The U.S evacuation effort from Afghanistan was rushed and complicated, Mohammadi said. Despite having full lives and careers at home, people who fled to the U.S. suddenly lacked essentials like food and clothing.
“I brought a laptop, that's all I had,” Mohammadi said. Although it snows in Afghanistan, Minnesota's cold weather is more extreme.
His education and experiences traveling outside Afghanistan made the move to the U.S. less abrupt, nonetheless, cultural and systematic differences made emigrating to a new country difficult.
Needing a car to get to the grocery store, for example, is one way he said his life changed since being in Minneapolis. Without a car, though, a walk or trip on public transportation requires winter clothes—and that’s a challenge the clothing closet can help a refugee overcome.
Because many refugees had nothing when they arrived here, the closet helped a lot of people, said ACS associate director Fouzi Slisli. Now that refugees are more familiar with the Twin Cities, there is less of a need for ACS closets’ support.
No matter, the organization continues to serve the broader population, Van de Water said. Extra donations are brought to the George Floyd Square clothing closet, and the ACS closet is open to people in its surrounding neighborhood, more than half of whom live below the poverty line.

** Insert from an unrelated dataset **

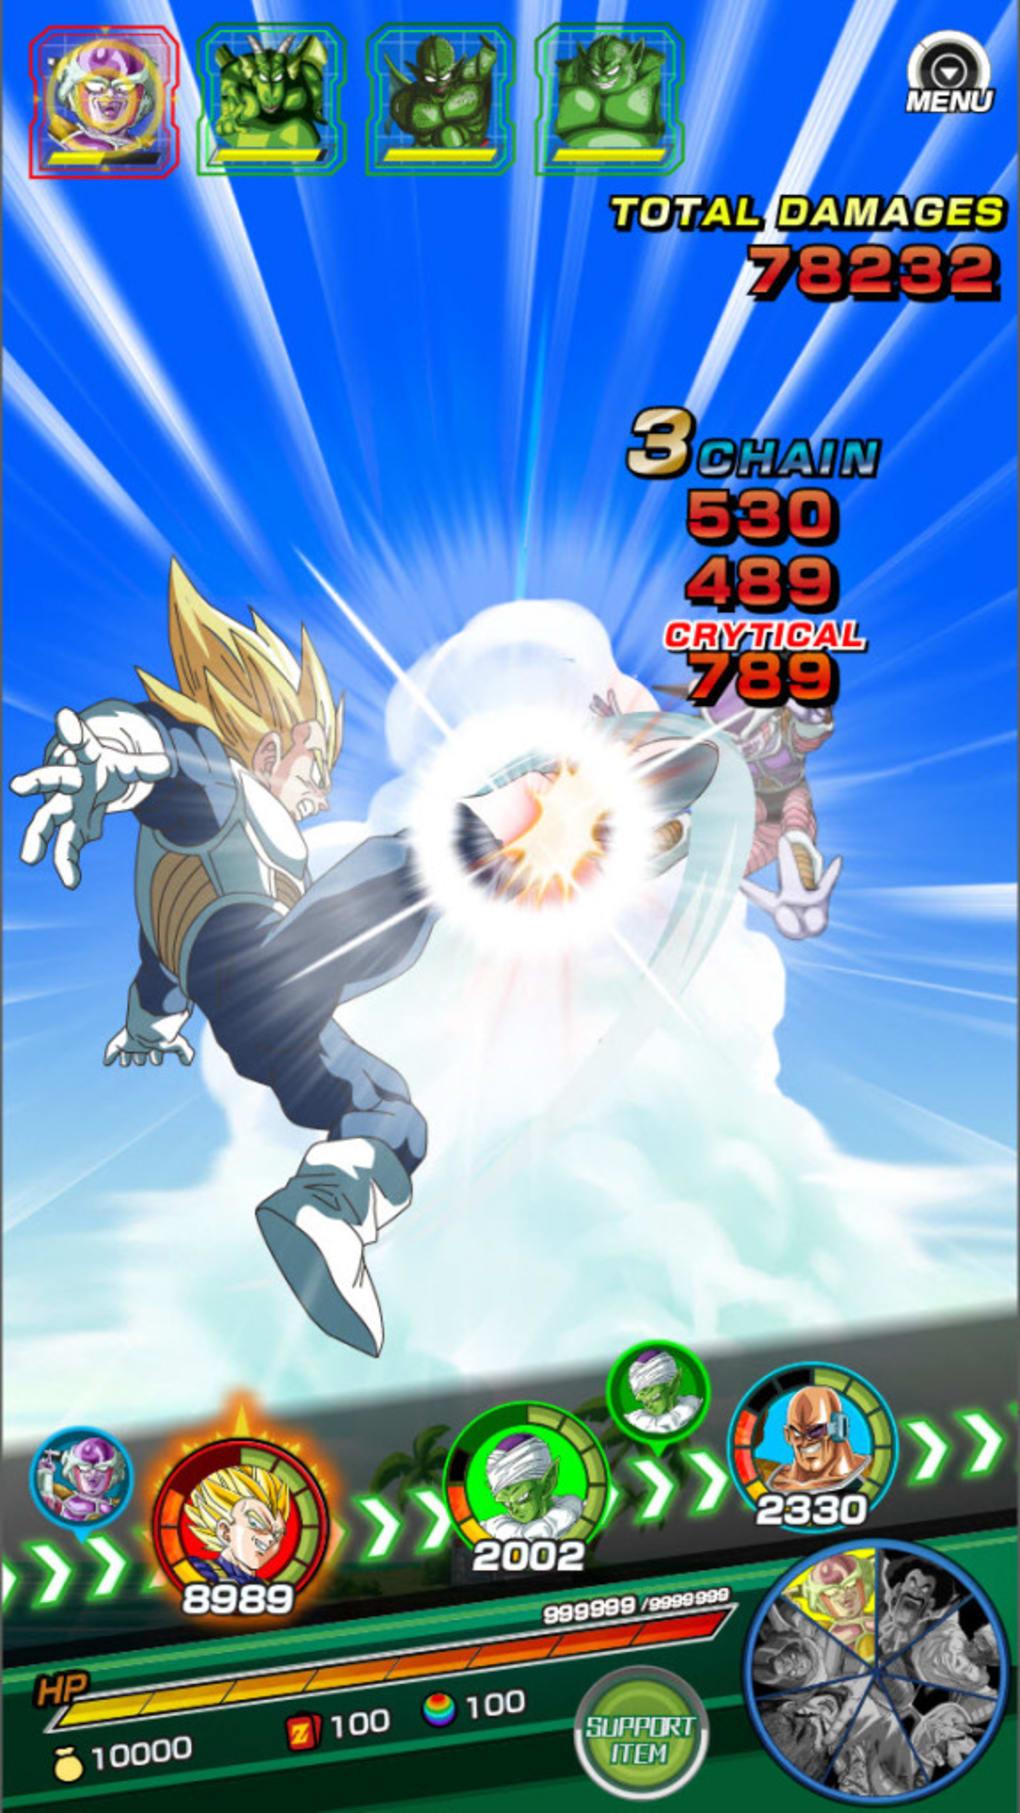 Dokkan battle jp apk iphone | Dragon Ball Z Dokkan Battle JP

“Anyone can come in and check it out and take what they need,” Van de Water said.
Alongside mutual aid efforts, the organization works to challenge uninformed Western narratives of the Afghan people, said Slisli. In addition, he said the variety of Afghan cultures and languages represented at ACS is celebrated, despite the Taliban’s desire to suffocate the diversity.
Slisli encourages people to be thankful instead of judgmental. He said refugees make the community richer in culture and perspective.
“Individuals and families are small components, and the powers that determine what happens in this world are massive,” Slisli said.